OK, if this first example seems like silly, b-grade salesmanship, the second example is far more serious.  As many of you are aware, my passion and career have focused on forcibly displaced peoples for the past seven plus years.  The bulk of this time was with an evangelical relief organization.  Me and my other colleagues did a lot of good work, and many of them continue to do so.  But I am now grieved by the manner in which I spoke about the unique opportunity to witness to those who had been forced to embark on the extremely painful and uncertain journey of a refugee.  I had three points in my sermons as to why a Christian should engage: 1) that our faith lineage shared a biblical legacy with those who had been forced to move (e.g. Israel's exile to Babylon), 2) that we had a biblical command to minister to 'the foreigner in our midst', and 3) we had a biblical mission to make 'disciples of all nations'.  Like I said in the beginning, we all knew that this last point was the real motivation behind our acts of love.  After all, what good is it to save a man's life only to lose their soul to the eternal flames of hell.

As one pastor said in a blog article on the International Mission Board's website...

If we truly believe that God is sovereign, then it should be clear that God is leading peoples from Syria, Afghanistan, Somalia, and other places to our collective doorstep.  These refugees now live in a land where the gospel is freely proclaimed.
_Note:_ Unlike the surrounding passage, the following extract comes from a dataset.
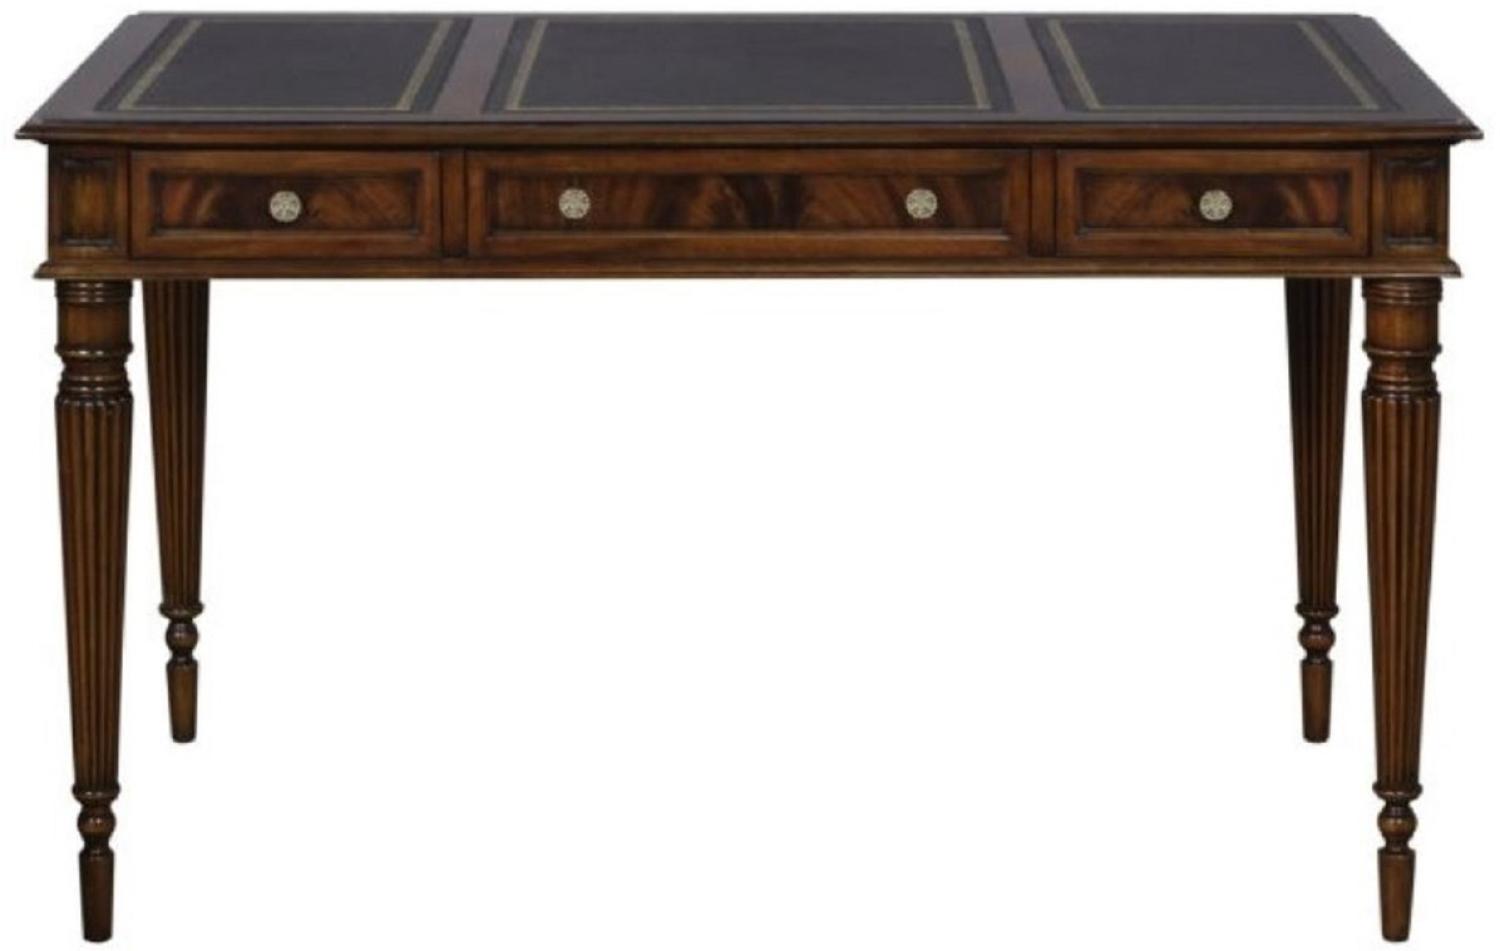 Casa Padrino Luxus Jugendstil Mahagoni Schreibtisch mit 3 Schubladen Dunkelbraun / Schwarz / Gold 126 x 73 x H. 75 cm - Büromöbel - Luxus Qualität Bild 1
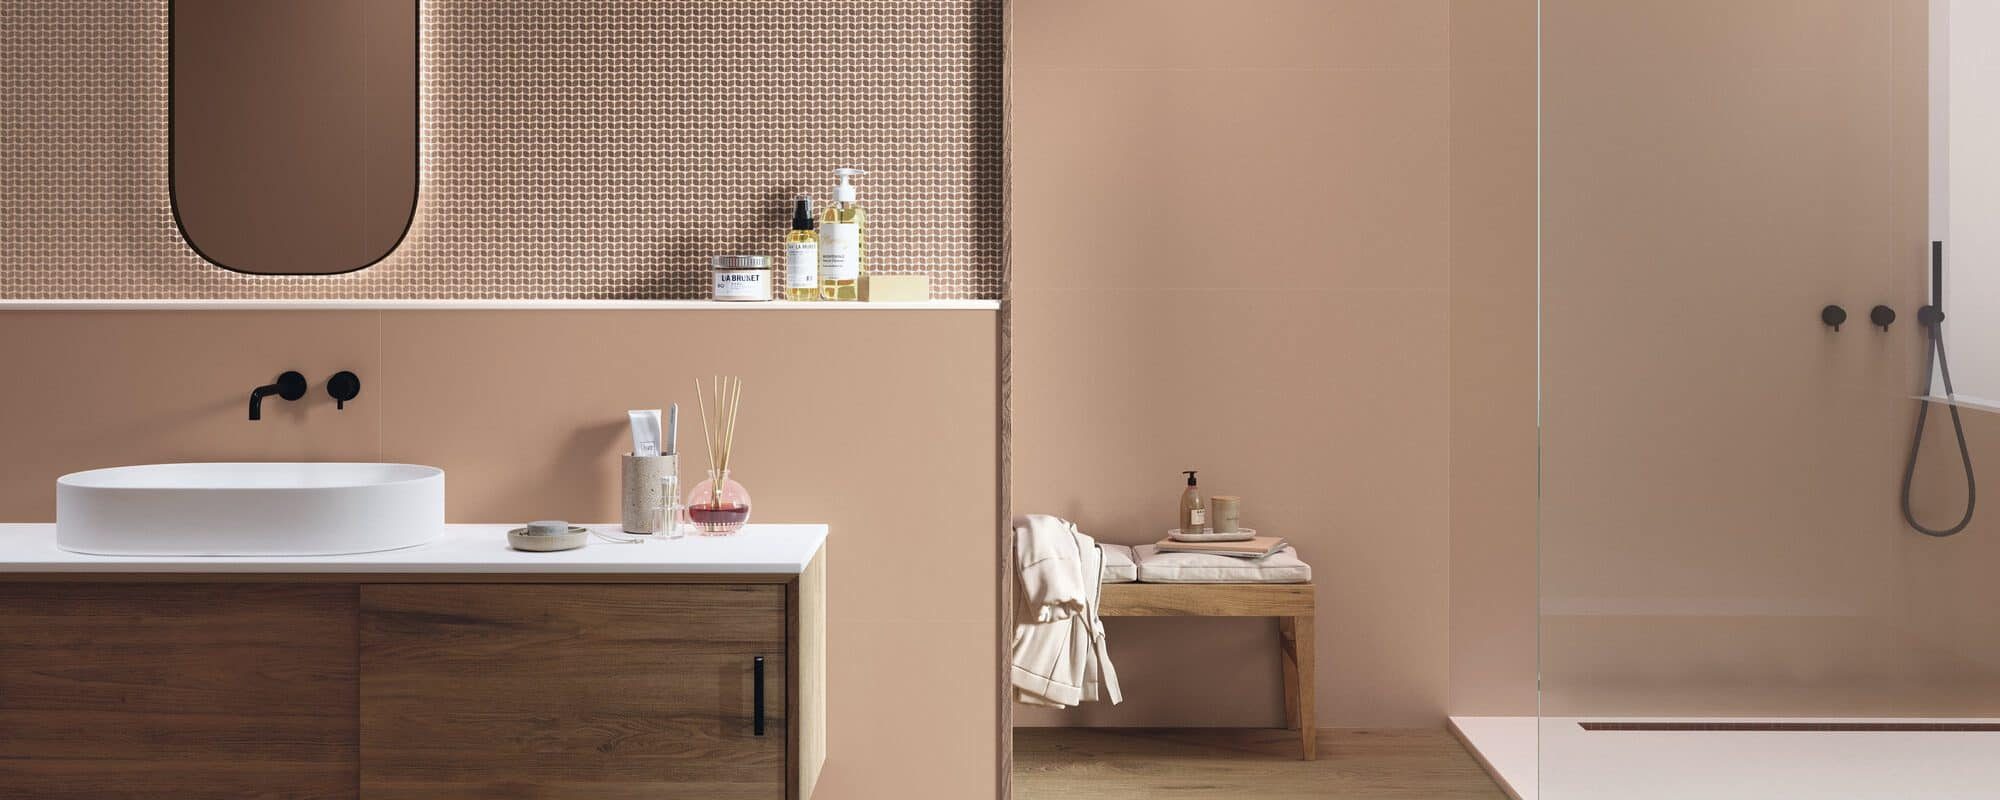 TRIANA wood effect porcelain bathroom tiles uk slider 1

Peoples previously inaccessible are now not only within our reach; they are our neighbors. In light of this reality, we need more churches to understand that “God turns even the tragedy of forced migration into the triumph of future salvation.

a loaf of bread for the 'bread of life'

At various times in my previous life in evangelical Christianity, I volunteered at what is often called a 'rescue mission'.  You will find these in just about every city and town in the United States.  Some of these Christian ministries to the local homeless community make it a prerequisite to attend a church service before those who are hungry can receive a free meal.  A few make it a requirement to participate in Bible studies if they want to enroll in recovery programs.  Thankfully, there are a good number of evangelicals who find this practice shameful.

But many are unwilling to confront the more subtle but still subversive and often psychologically manipulative use of the 'missional opportunity'.  I don't know.  Perhaps this form of abuse is inevitable when any religious community is beholden to absolute claims impacting the eternal destiny of human souls.  Most religions have proven that when the stakes are so high, they are willing to approve just about any means that will reach that end.  All I know is that I cannot be party to it anymore.  In contrast, faith is at its best when the sole motivation of compassion is rooted in an empathy that had it been I who was in the current shoes of my hurting neighbor, this is exactly how I would want to be loved.